Restate the following data in its entirety, word for word and without images.
### Data shown
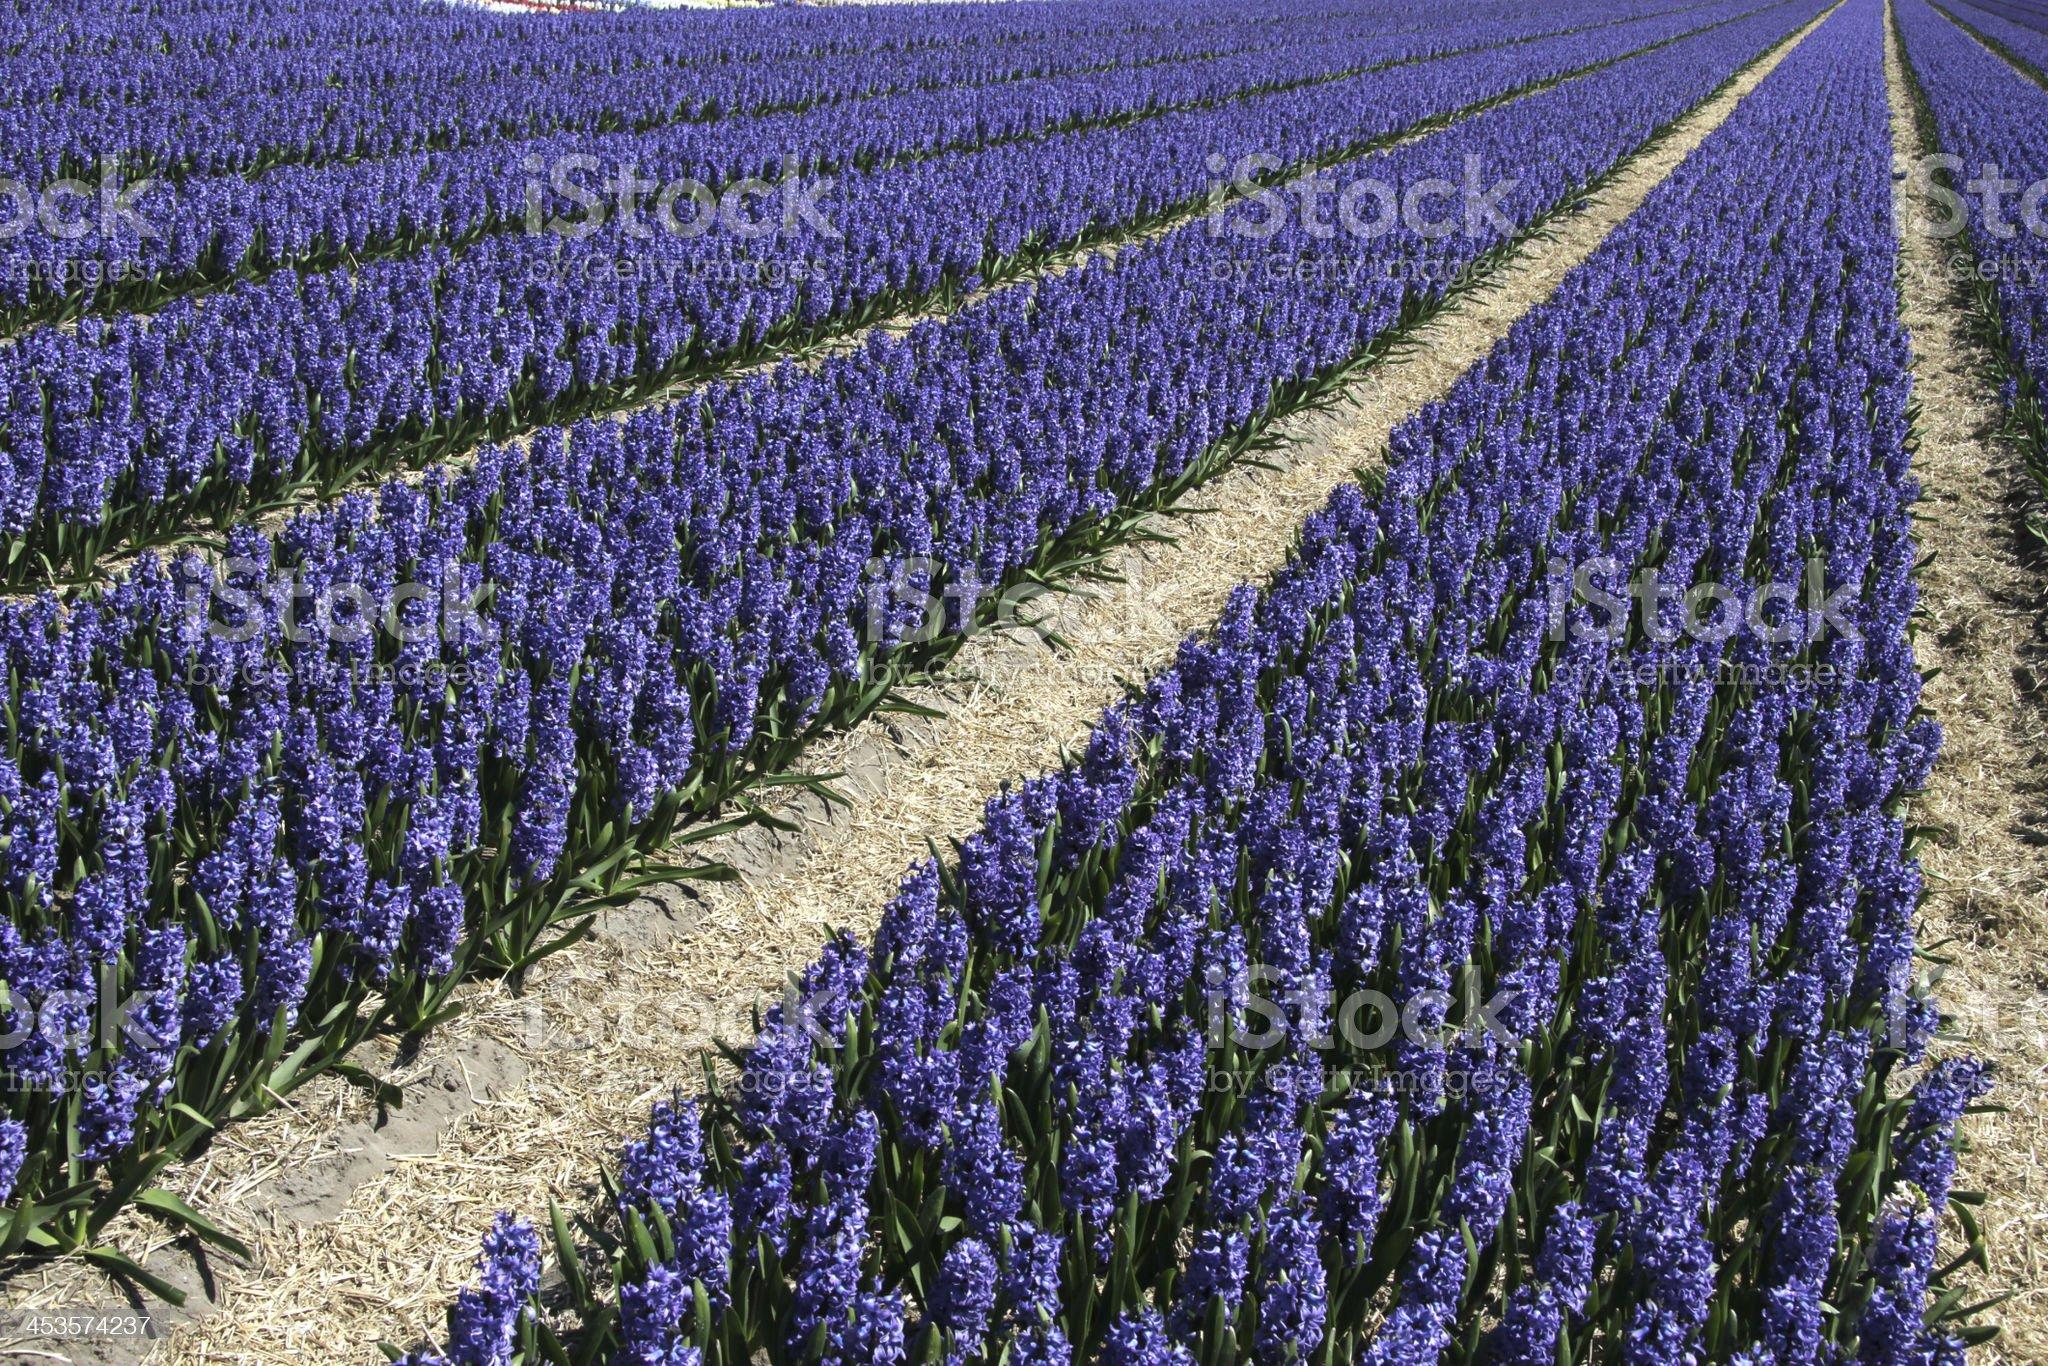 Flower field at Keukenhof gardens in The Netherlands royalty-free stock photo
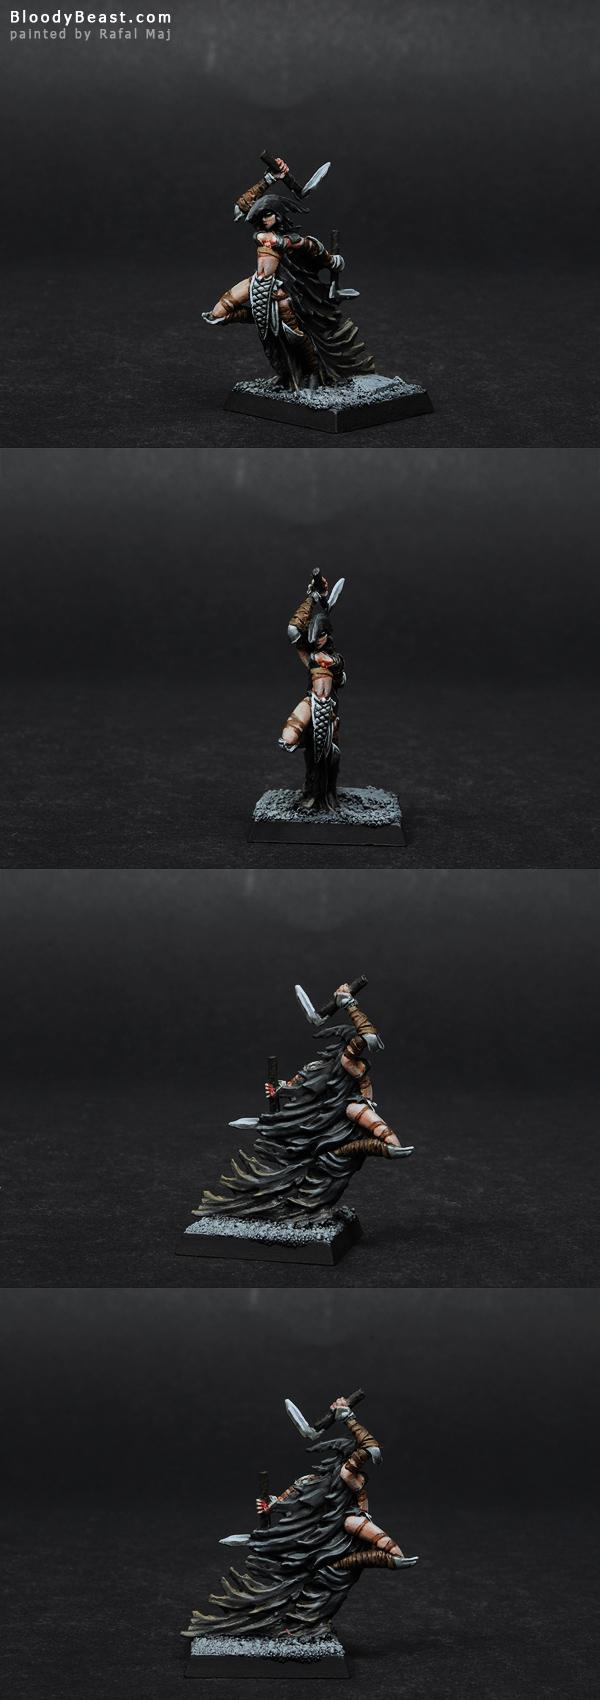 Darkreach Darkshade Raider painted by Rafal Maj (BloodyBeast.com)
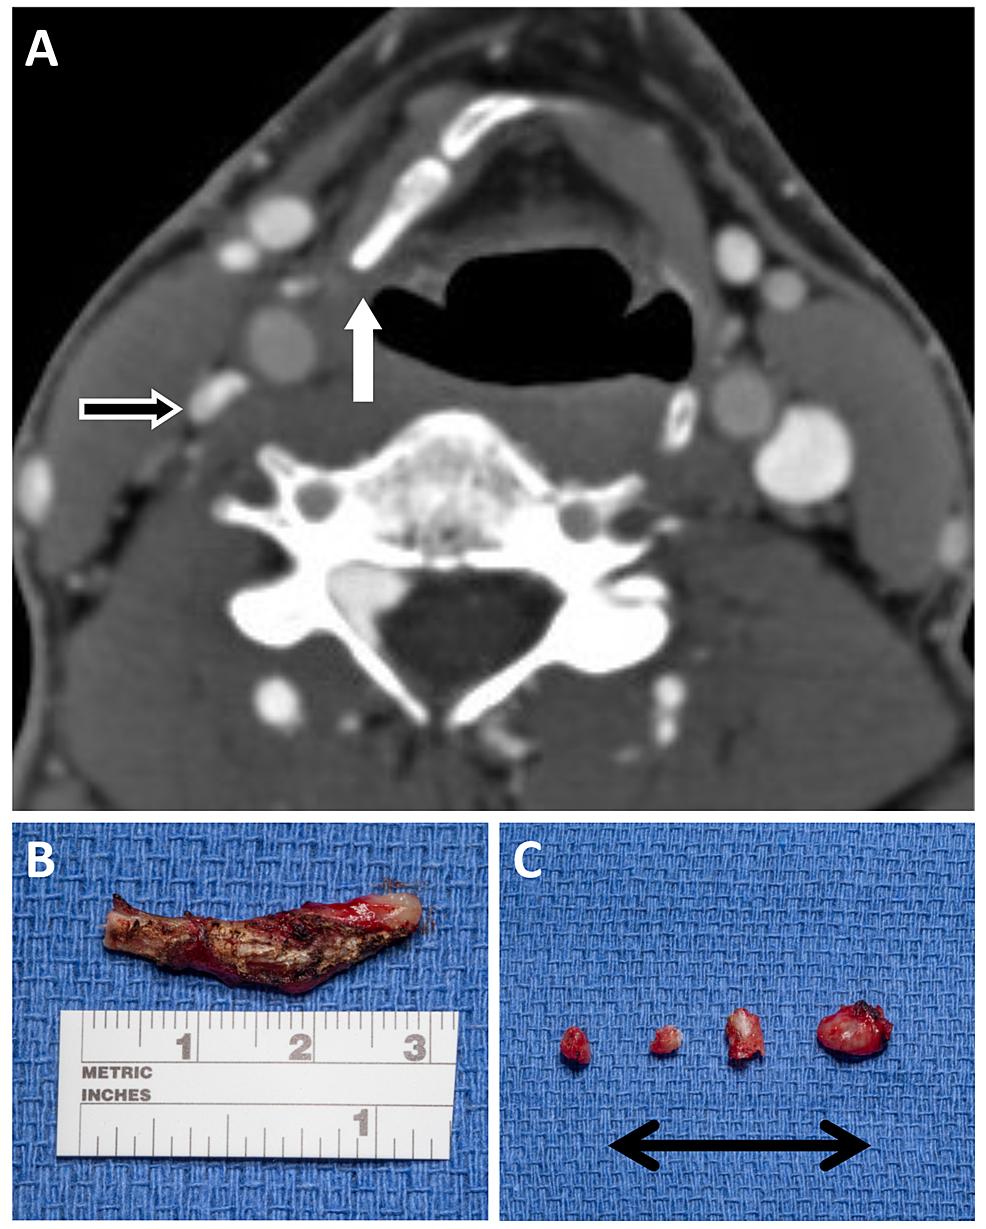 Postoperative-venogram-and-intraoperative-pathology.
######
Response below:
 Flower field at Keukenhof gardens in The Netherlands royalty-free stock photo
 Darkreach Darkshade Raider painted by Rafal Maj (BloodyBeast.com)
 Postoperative-venogram-and-intraoperative-pathology.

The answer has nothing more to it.